Law needed to regulate Thai investors’ abuses abroad: Thai, Myanmar groups
The Nation 27 February 2017 | PRATCH RUJIVANAROM
DAWEI, MYANMAR -- COMMUNITY groups in Thailand and Myanmar have urged protection of human rights and prevention of environmental impacts – after Thai entrepreneurs were reported to have carried out abusive and environmentally damaging acts in neighbouring countries.
Some 27 Thai non-government groups and the Dawei Development Association (DDA), a communal rights group in Myanmar, issued statements yesterday urging the Thai and Myanmar governments, plus Thai companies to follow the United Nations Guiding Principles on Business and Human Rights and international rights treaties.
The groups said rising investment by Thai companies in neighbouring states such as Laos, Myanmar and Cambodia had stirred growing concerns over a lack of accountability in regard to human rights and environmental impacts.
The organisations urged the Thai government to follow recommendations of a Cabinet resolution from May 16 last year, which established mechanisms to try to ensure that the private sector respects the fundamental rights of local communities.
“We call on the Thai government to comply with recommendations and set up such a mechanism, together with other measures to ensure full adherence to the three pillars of the [UN] guiding principles, and obligations of the government and Thai state agencies to protect and respect human rights and remedy human rights abuses in trans-boundary investment,” the statement read.
Many Thai investors have caused social and environmental damage to local areas, the statement read – at the Dawei Special Economic Zone in Myanmar; the Xayaburi Dam and the Hongsa coal-fired power plant in Laos; and sugar plantations in Koh Kong and Oddar Meanchey in Cambodia.

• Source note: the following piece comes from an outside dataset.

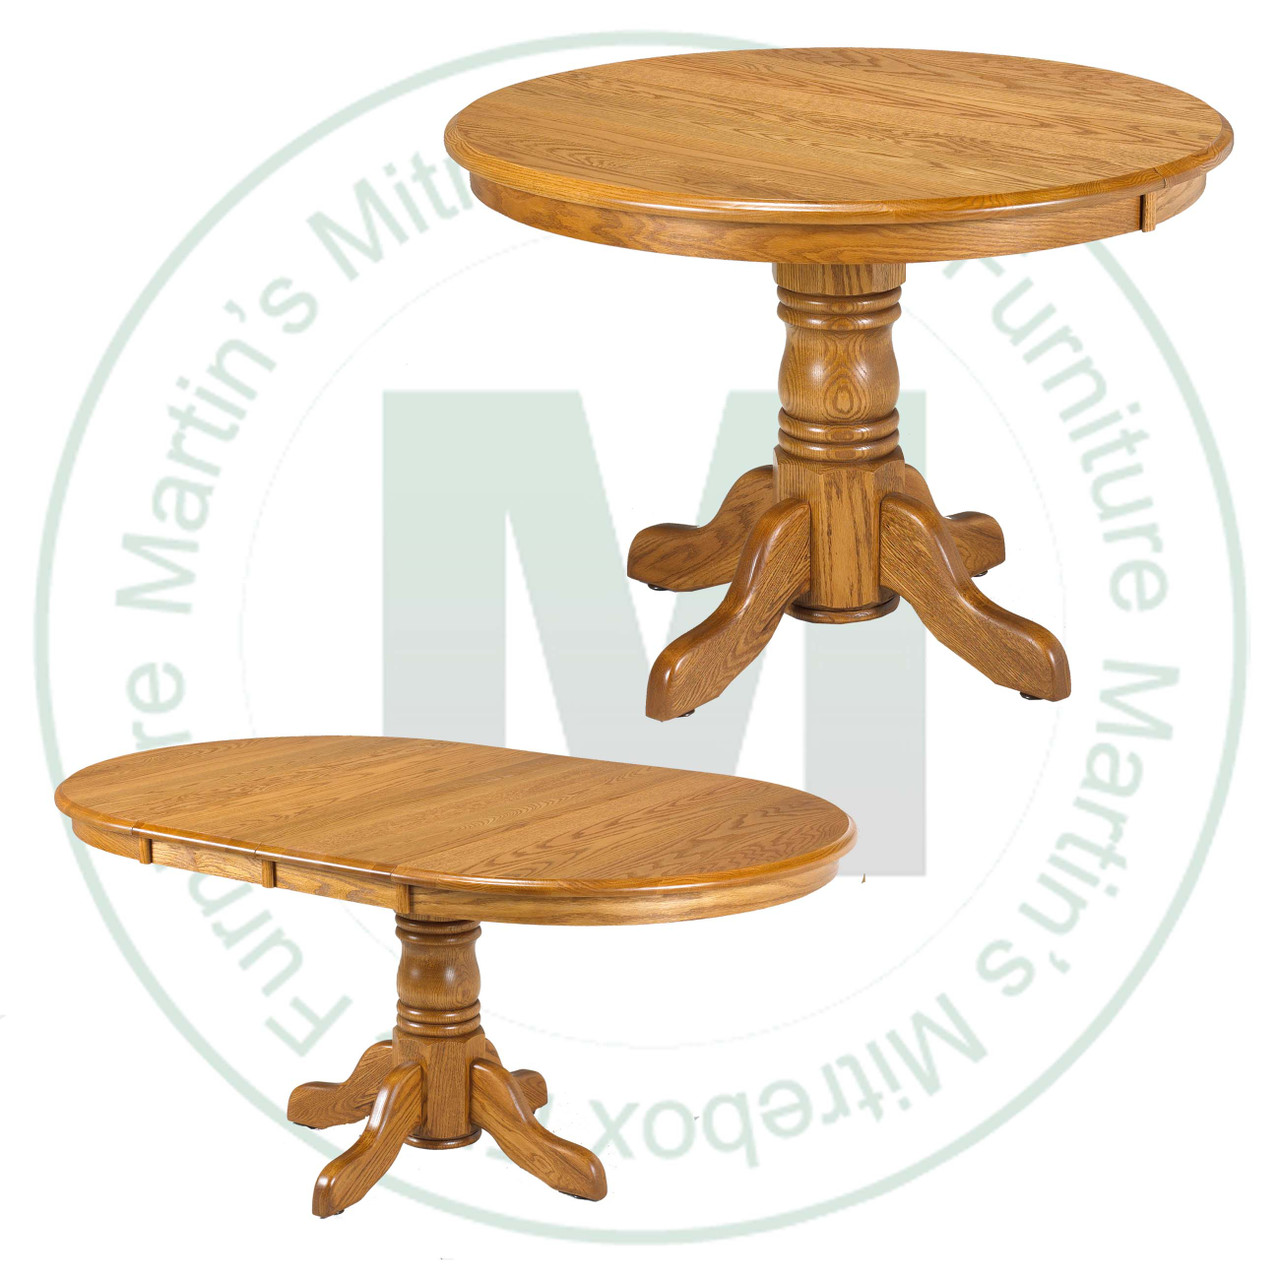 Wormy Maple Lancaster Collection Single Pedestal Table 54''D x 54''W x 30''H With 1 - 12'' Leaf. Table Has 1.25'' Thick Top

The Dawei network also issued a statement echoing similar sentiments and urging the Myanmar government to ensure that foreign companies follow Myanmar’s environmental laws and include public participation at every stage of projects.
Thant Zin, head of the DDA, said at least nine development projects with Thai investors had created serious consequences for local communities in Dawei district in Tanintharyi region.
“After implementing a market economy system in Myanmar, foreign investment has been increasing rapidly, as the government believes that it will lead to social and economic development,” Thant Zin said.
“However, these development projects instead lead to land-loss problems, impacts on livelihoods and environmental problems for the local people in the areas near these development projects.”
He said companies had to take responsibility for problems they caused, adding that both the Thai and Myanmar governments had to establish laws and regulations to control investors.
Thai National Human Rights Commissioner Tuenjai Deetes said she agreed with the suggestions to control investors through legislation.
“Thailand has committed to the United Nations Guiding Principles on Business and Human Rights, which obligates enterprises to respect human rights and prevent environmental damage in areas in which they operate,” Tuenjai said.
She said the Thai National Human Rights Commission had investigated cases involving Thai companies that had allegedly conducted improper operations in Dawei and violated the human rights of local people, as well as causing environmental problems related to the Heinda tin mine and a land dispute at the Dawei Special Economic Zone.
“We will conduct reports and seek solutions from relevant agencies and Thai companies on these issues soon,” she said.